Influenza vaccine effectiveness, considering vaccination history in the current and the two previous seasons in patients ≥ 60 years old admitted to hospital, Valencia Hospital Network for the Study of Influenza (VAHNSI), Valencia, Spain, 2017/18 influenza season (n = 1,477 patients)
| Types, subtypes or lineage of influenza | Vaccinated in either 2015/16 or 2016/17a | Vaccinated in 2017/18 | IVEb | 95% CI |
|---|---|---|---|---|
| All influenzac | No | Yes | 30.16 | −34.21 to 63.65 |
| Yes | Yes | 14.20 | −12.79 to 34.73 | |
| Yes | No | 22.98 | −16.64 to 49.14 | |
| A(H1N1)pdm09d | No | Yes | 80.11 | −53.74 to 97.43 |
| Yes | Yes | 46.41 | 6.78 to 69.20 | |
| Yes | No | 10.60 | −94.00 to 58.80 | |
| A(H3N2)e | No | Yes | −1.47 | −142.01 to 57.46 |
| Yes | Yes | −35.26 | −93.67 to 5.53 | |
| Yes | No | −7.52 | −84.80 to 37.44 | |
| B/Yamagataf | No | Yes | 4.48 | −142.60 to 62.39 |
| Yes | Yes | 39.61 | 8.13 to 60.31 | |
| Yes | No | 50.18 | 2.34 to 74.59 |
CI: confidence interval; GP: general practitioner; IVE: influenza vaccine effectiveness.
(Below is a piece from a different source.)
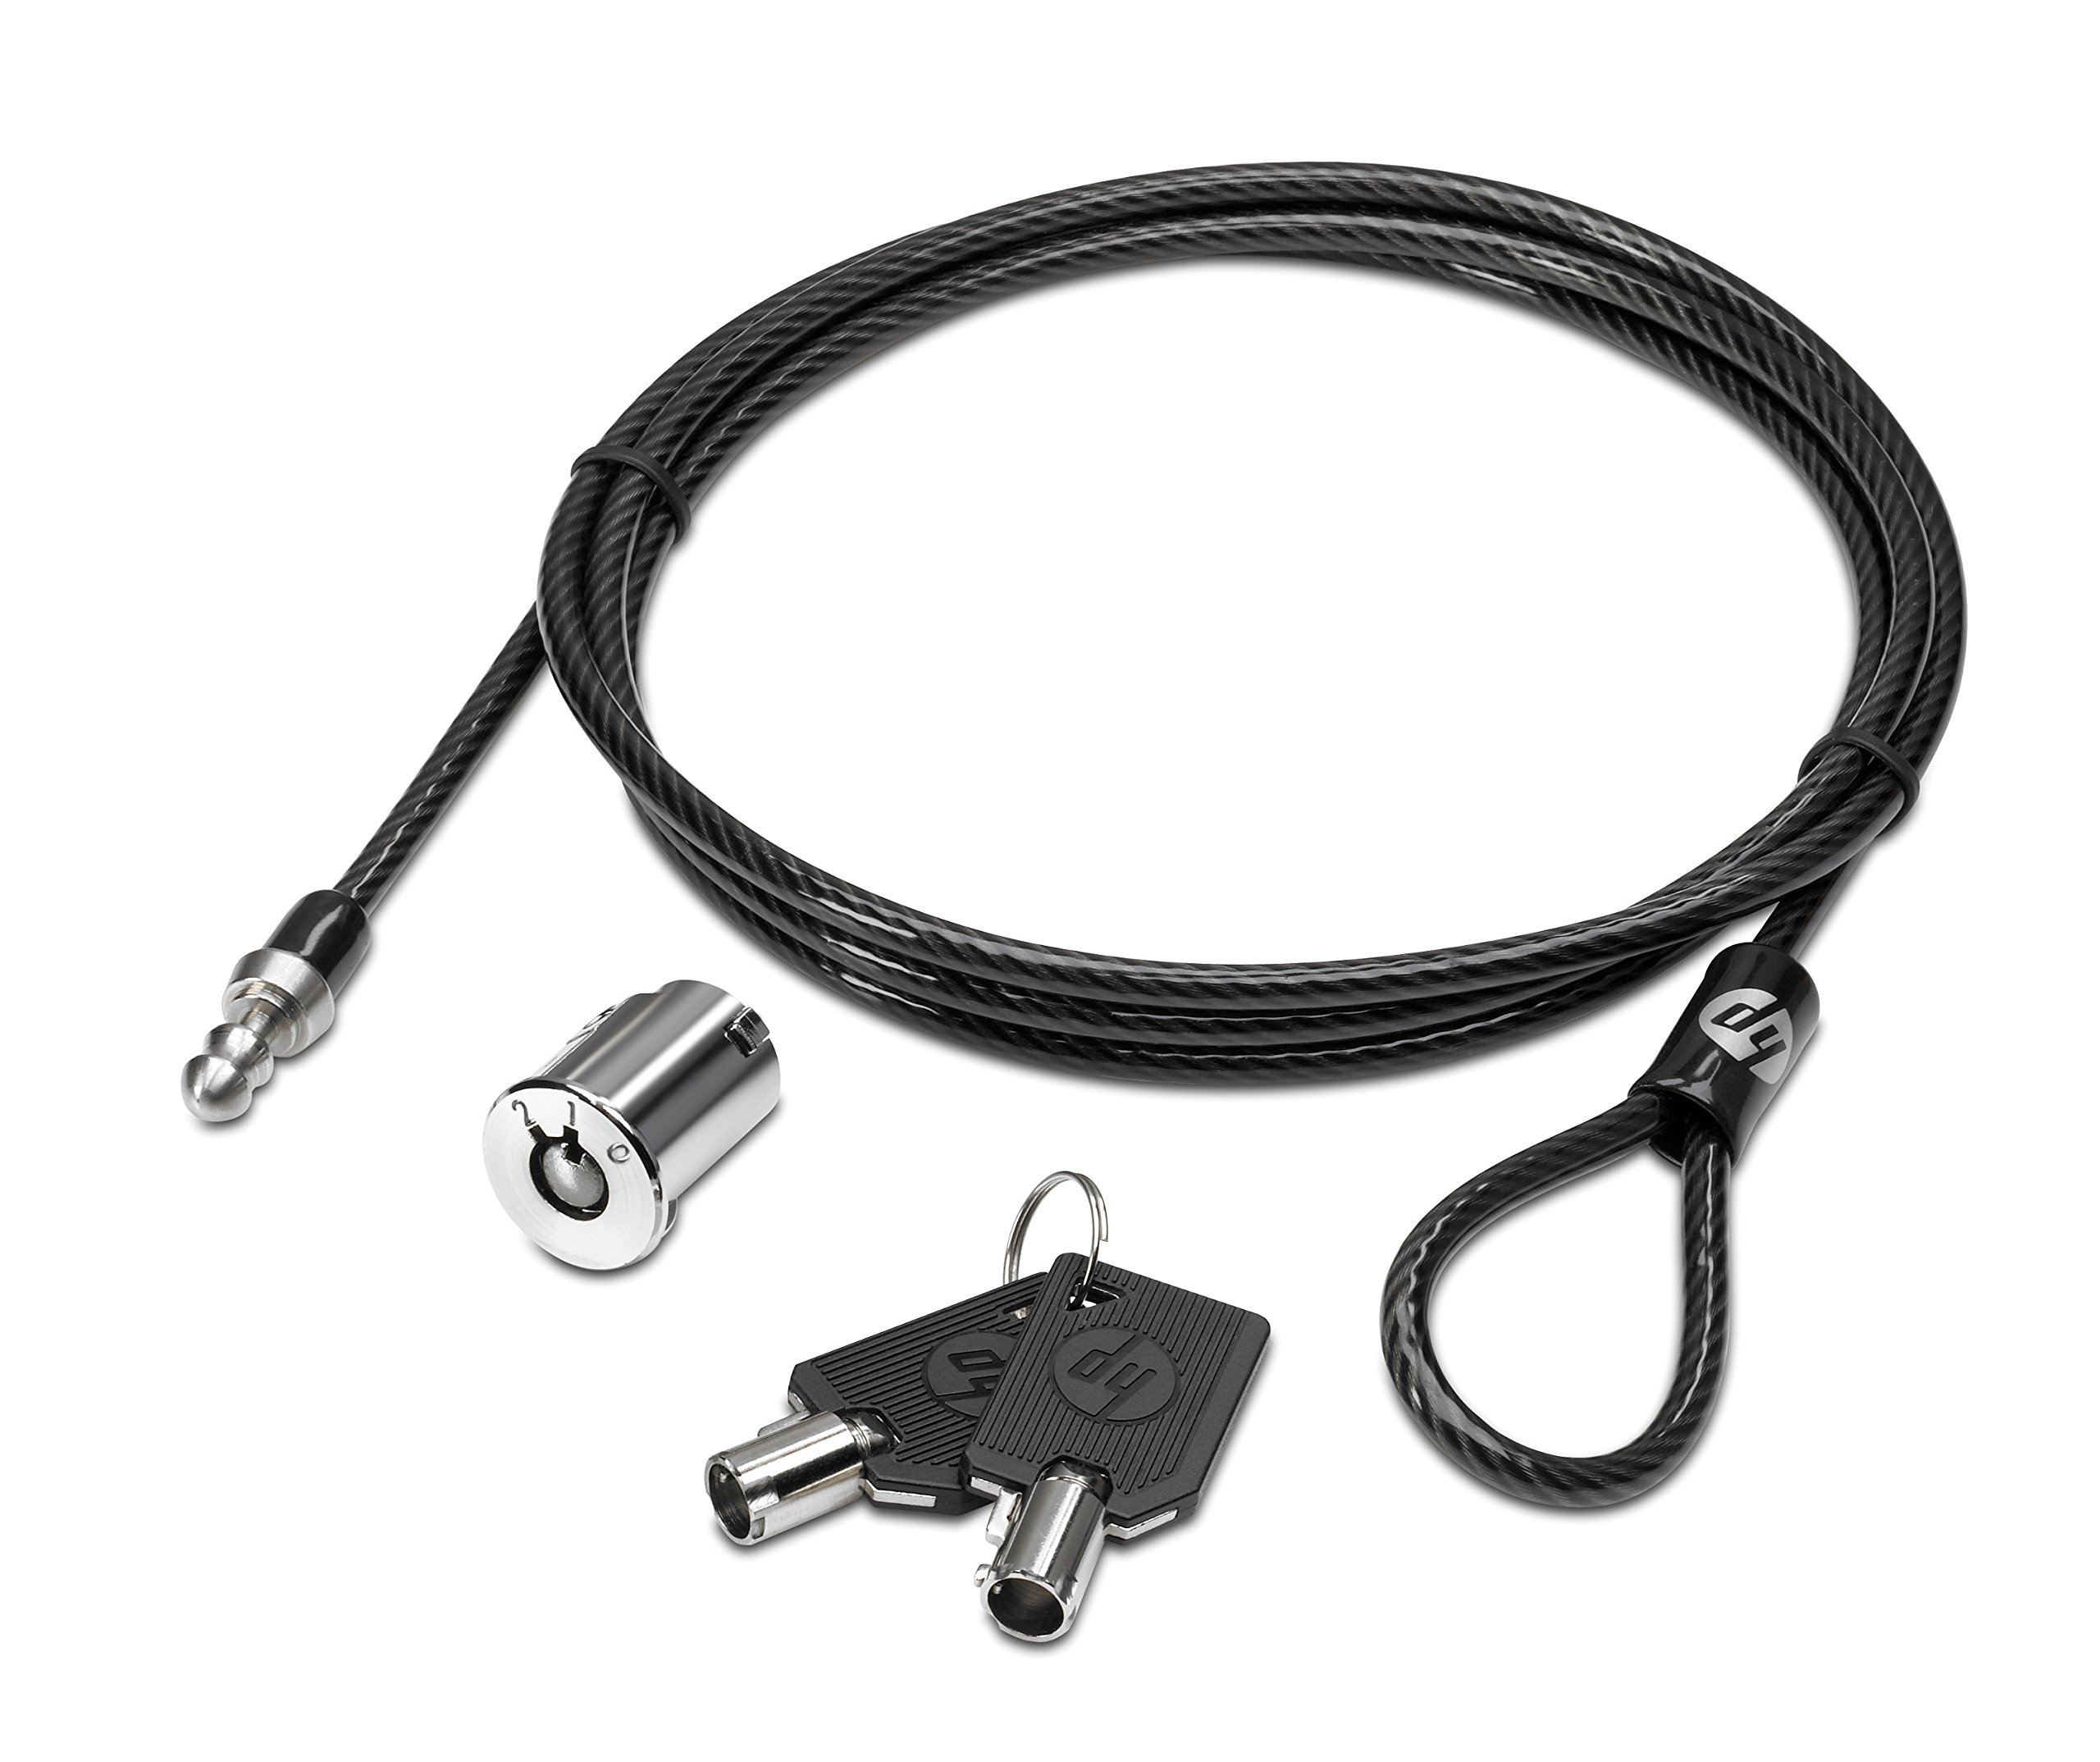 HP AU656AA - Cable antirrobo (Negro, Metálico, 250g, HP EliteBook Notebook PC HP ProBook Notebook PC HP 120W Advanced Docking Station)

a The 2015/16 influenza vaccine comprised an A/California/7/2009 (H1N1)pdm09-like virus, an A/Switzerland/9715293/2013 (H3N2)-like virus and a B/Phuket/3073/2013-like virus (Yamagata lineage). The 2016/17 influenza vaccine comprised an A/California/7/2009 (H1N1)pdm09-like virus, an A/Hong Kong/4801/2014 (H3N2)-like virus and a B/Brisbane/60/2008-like virus (Victoria lineage).
b Taking those individuals not vaccinated in any of the three considered seasons as reference category.
c Adjusted by age, number of chronic conditions, sex, socioeconomic status (occupation), admission in the last 12 months, number of GP visits in the last 3 months, smoking habits, obesity status, days between symptoms onset and swab, hospital and epidemiological week at admission.
d Adjusted by age, sex and epidemiological week at admission.
e Adjusted by age, number of chronic conditions, sex, socioeconomic status (occupation), admission in the last 12 months, number of GP visits in the last 3 months, smoking habits, obesity status, days between symptoms onset and swab, hospital and epidemiological week at admission.
f Adjusted by age, number of chronic conditions, sex, smoking habits and epidemiological week at admission.